Environmental groups, consumer advocates and forward-thinking hydrogen companies alike have stressed the importance of ensuring hydrogen fuel is produced from clean energy sources, rather than unabated fossil fuels, coal plants or other energy sources.
U.S. Reps. Jamie Raskin of Maryland and Don Beyer of Virginia and 44 colleagues wrote the U.S. Treasury Secretary Janet Yellen and Climate Counselor Ethan Zindler encouraging the Treasury Department to adopt strong climate standards when implementing the Inflation Reduction Act’s Clean Hydrogen Production Tax Credit.
“The IRA’s incentives for clean hydrogen and other emerging technologies offer great promise in reducing emissions in difficult-to-decarbonize sectors,” the lawmakers wrote. “As the administration finalizes rules for the IRA’s 45V Clean Hydrogen Production Tax Credit, we strongly urge you to ensure that the guidance results in a net decrease in greenhouse gas emissions.”
The lawmakers wrote that policymakers “must be attentive to the negative consequences of weak 45V rules for hydrogen production, which would imperil our climate goals and lead to significant U.S. emissions increases, including from Regional Clean Hydrogen Hubs recently announced by the Department of Energy. Hydrogen production is extremely energy intensive, and absent strong rules, clean hydrogen production could result in emissions that are equivalent to running 26 more coal plants, taking us in precisely the wrong direction in our transition to clean, renewable energy. Strong rules will allow the U.S. to harness hydrogen’s most promising climate, health, and economic benefits, setting up our domestic clean hydrogen industry for long-term success.”

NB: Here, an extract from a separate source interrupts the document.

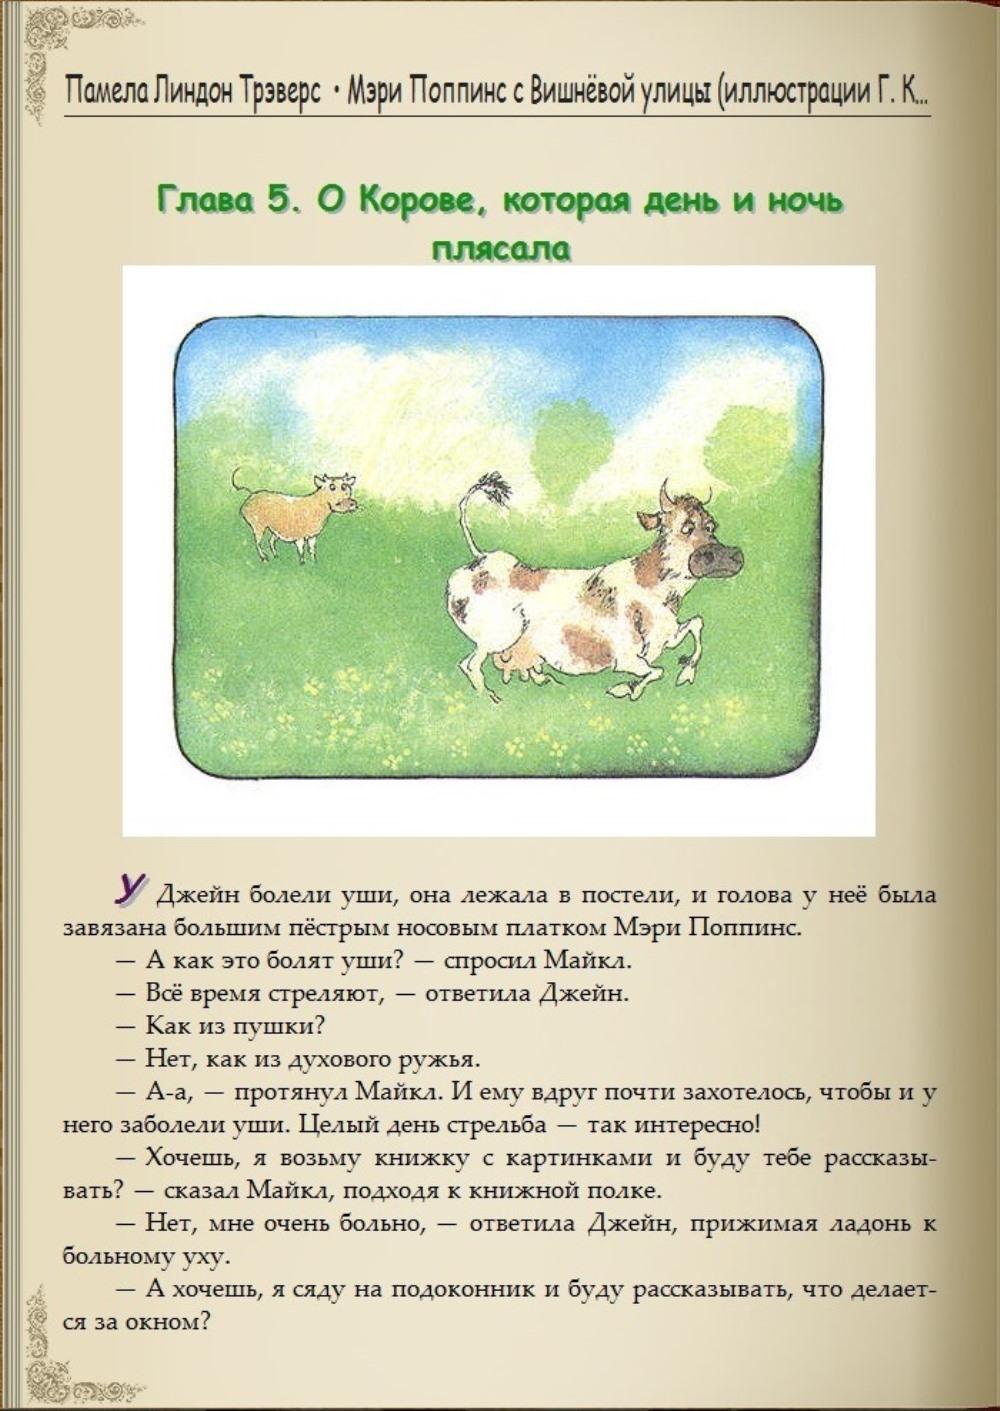 http://i4.imageban.ru/out/2013/11/13/7686c39dba6c1d9cc1beafd61873d698.jpg

Specifically, Raskin and Beyer express support for:
- The three pillars of sustainable hydrogen production endorsed by climate groups, consumer advocates, environmental justice organizations, renewable energy companies, state legislators, and forward-thinking hydrogen companies, which include:
- Additionality: Hydrogen should be generated using new, “additional,” renewable energy sources, not just the limited renewables currently supplying our power grid. Without this requirement, the energy-intensive hydrogen production will significantly increase energy usage and redirect the limited clean electricity towards hydrogen production, leaving polluting sources such as coal and natural gas to meet energy demand.
- Deliverability: Power generated by clean energy must be able to reach hydrogen production projects. Without deliverability requirements, clean energy produced in one region will not reach the hydrogen production plant, forcing local and dirtier generators to fill the gap and increase overall emissions.
- Hourly time-based matching: Hydrogen should be produced during the same hours that the clean electricity is being generated. This ensures that hydrogen production does not increase the use of energy from dirtier sources available at other times of day. Absent this requirement, hydrogen project operators may use up the limited low-cost clean energy resources for hydrogen production, forcing families to pay for higher-cost energy from fossil fuels.
- Preventing heavily polluting fossil fuel-based hydrogen projects from engaging in greenwashing and claiming the 45V credit.
- Ensuring that hydrogen projects accurately account for their total greenhouse gas emissions across their full lifecycles and do not cause spikes in electricity grid emissions and prices (as, for example, cryptocurrency mining has done).
“Strong rules are crucial to ensuring a successful hydrogen sector that catalyzes cutting-edge electrolyzer technologies and enables the creation of truly clean global hydrogen markets, in line with international partners. In the EU, some industry groups fought hard against the 3-pillars, but after their announcement quickly changed focus to implementation. Even in the few months since the announcements, we have seen hundreds of millions of dollars of investments made into 3-pillar compliant projects in Europe and steady growth in announced projects,” said Killian Daly, an industry expert at EnergyTag.
Synergetic CEO Mike Sloan said that implementing the three pillars would send a clear message.
“Many companies are eager to innovate, deploy investment in U.S. manufacturing and production, and ensure this public investment in decarbonization is a bridge to somewhere,” Sloan said.
Tyson Slocum, Energy Program Director at Public Citizen, said they also “urge Treasury to protect families from potential energy price spikes by implementing the three pillars of 1) additionality, 2) deliverability, and 3) hourly matching for electrolytic hydrogen producers seeking the 45V credit.”